Le parcours des Thomas en tant que famille d'accueil s'étend sur quatre ans et a abouti à l'adoption de la petite fille, leur neuvième enfant placé. Ils prévoient d'adopter bientôt leur dixième enfant, un garçon.
Une épidémie
Bri a déclaré que la plupart de leurs enfants placés avaient été retirés de leur foyer d'origine en raison de problèmes liés à la consommation de méthamphétamine.
“ Beaucoup de gens ne parlent pas d'épidémie, mais c'en est vraiment une ”, a déclaré Bri. “ La méthamphétamine détruit nos communautés. Elle détruit les familles, car elle fait en sorte que les parents ne se soucient plus de rien d'autre que de la méthamphétamine. ”
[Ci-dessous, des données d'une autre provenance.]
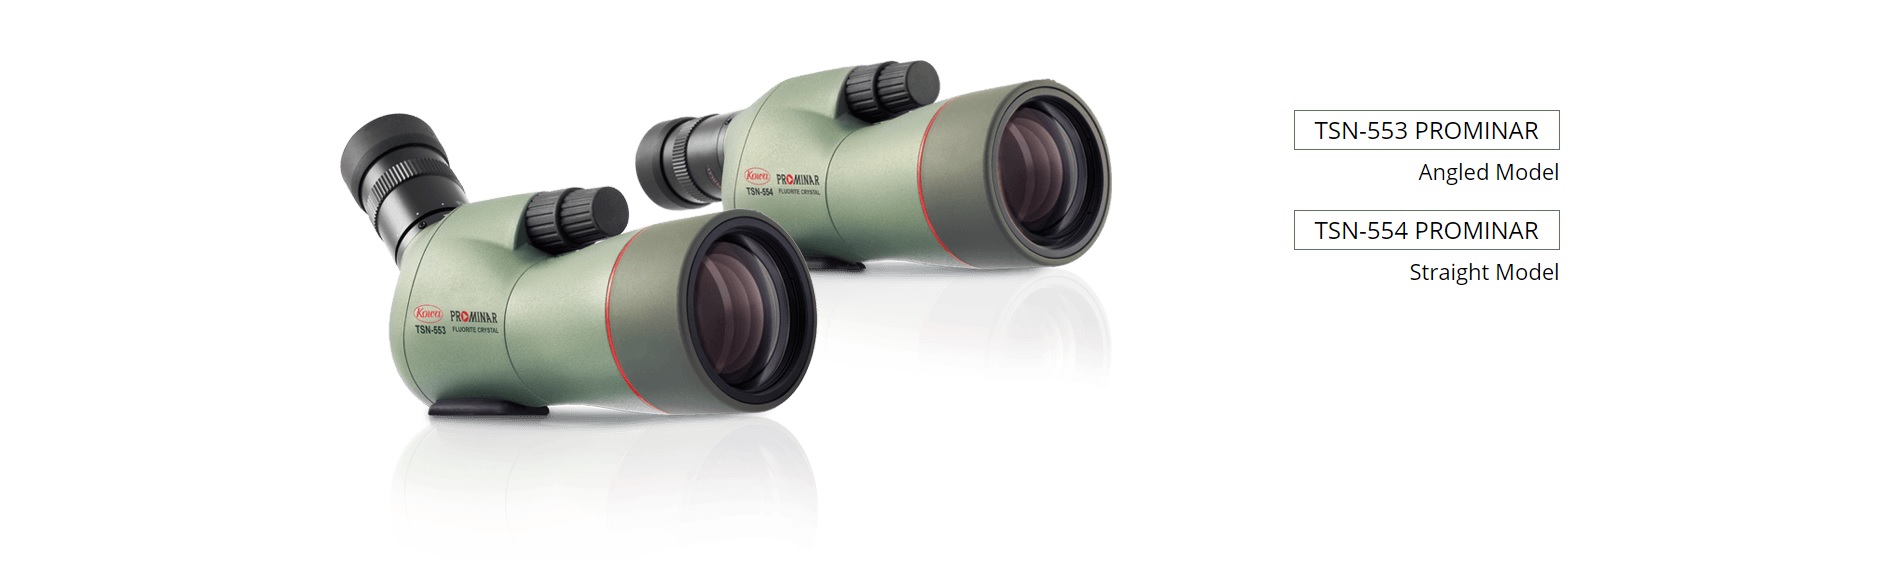 Kowa tsn 553 and 554 spotting scopes

Une étude réalisée en 2019 par Jane Carlisle Maxwell de l'École de travail social Steve Hicks de l'Université du Texas. a cité la méthamphétamine comme “ étant considérée comme la principale menace en matière de drogue en 2019 par les trois divisions régionales de la DEA [Drug Enforcement Administration] couvrant le Texas ”.”
Et selon Maxwell, le problème de la consommation et de l'abus de méthamphétamine semble être une tendance croissante au Texas. “ La méthamphétamine représentait 21% de tous les échantillons analysés par les laboratoires médico-légaux du Texas en 2005 ; en 2018, elle représentait 40% de tous les échantillons examinés. ”
“ Ce n'est pas que [les parents toxicomanes] n'aiment pas leurs enfants ”, explique Bri. “ Ils les aiment, mais ils n'arrivent tout simplement pas à s'en sortir. Ce que nous espérons, c'est que [nos enfants placés] repartent après avoir fait partie de notre famille avec le sentiment d'être aimés, désirés et spéciaux. ”
La fille adoptive du couple fait partie des survivants de l'épidémie.
Une vocation
En repensant à leurs quatre années en tant que parents d'accueil, le couple considère leur parcours d'accueil et d'adoption comme une vocation.
“ L'adoption est une image du salut ”, a déclaré Bri. “ C'est ce que Jésus a fait pour nous, et nous aimerions offrir cela à un enfant également.
“ Je veux que mes enfants voient en moi une mère qui les aime inconditionnellement, mais qui attend aussi quelque chose d'eux. Et je veux aussi leur montrer comment faire face à l'échec ”, poursuit Bri. “ Parce que nous échouons tous quotidiennement, et je veux leur montrer qu'il n'y a rien de mal à échouer et que nous pouvons faire mieux la prochaine fois. ”
John acquiesça. “ Le genre de père que j'aimerais être, c'est un père comme le Christ. L'une des choses que j'aime dans le fait d'être papa et qui me touche particulièrement, c'est l'amour qu'ils vous donnent, le respect qu'ils vous témoignent et l'admiration qu'ils vous portent. Ils veulent être comme vous. ”
Montrant ses bottes de style occidental, il a poursuivi : “ Il faut donc mettre vos meilleures bottes. Vous êtes parfois quelqu'un de drôle, mais vous êtes aussi quelqu'un de discipliné. Mais vous devez les aimer. Ils vous considèrent comme un modèle. ”
“ Je veux vraiment enseigner à mes enfants qu'ils sont importants et qu'ils sont toujours aimés ”, a renchéri Bri. “ Et je pense que le plus important est qu'ils acceptent le Christ comme leur sauveur. Si nous pouvons les aider à le faire, alors je pense que nous avons rempli notre rôle de parents.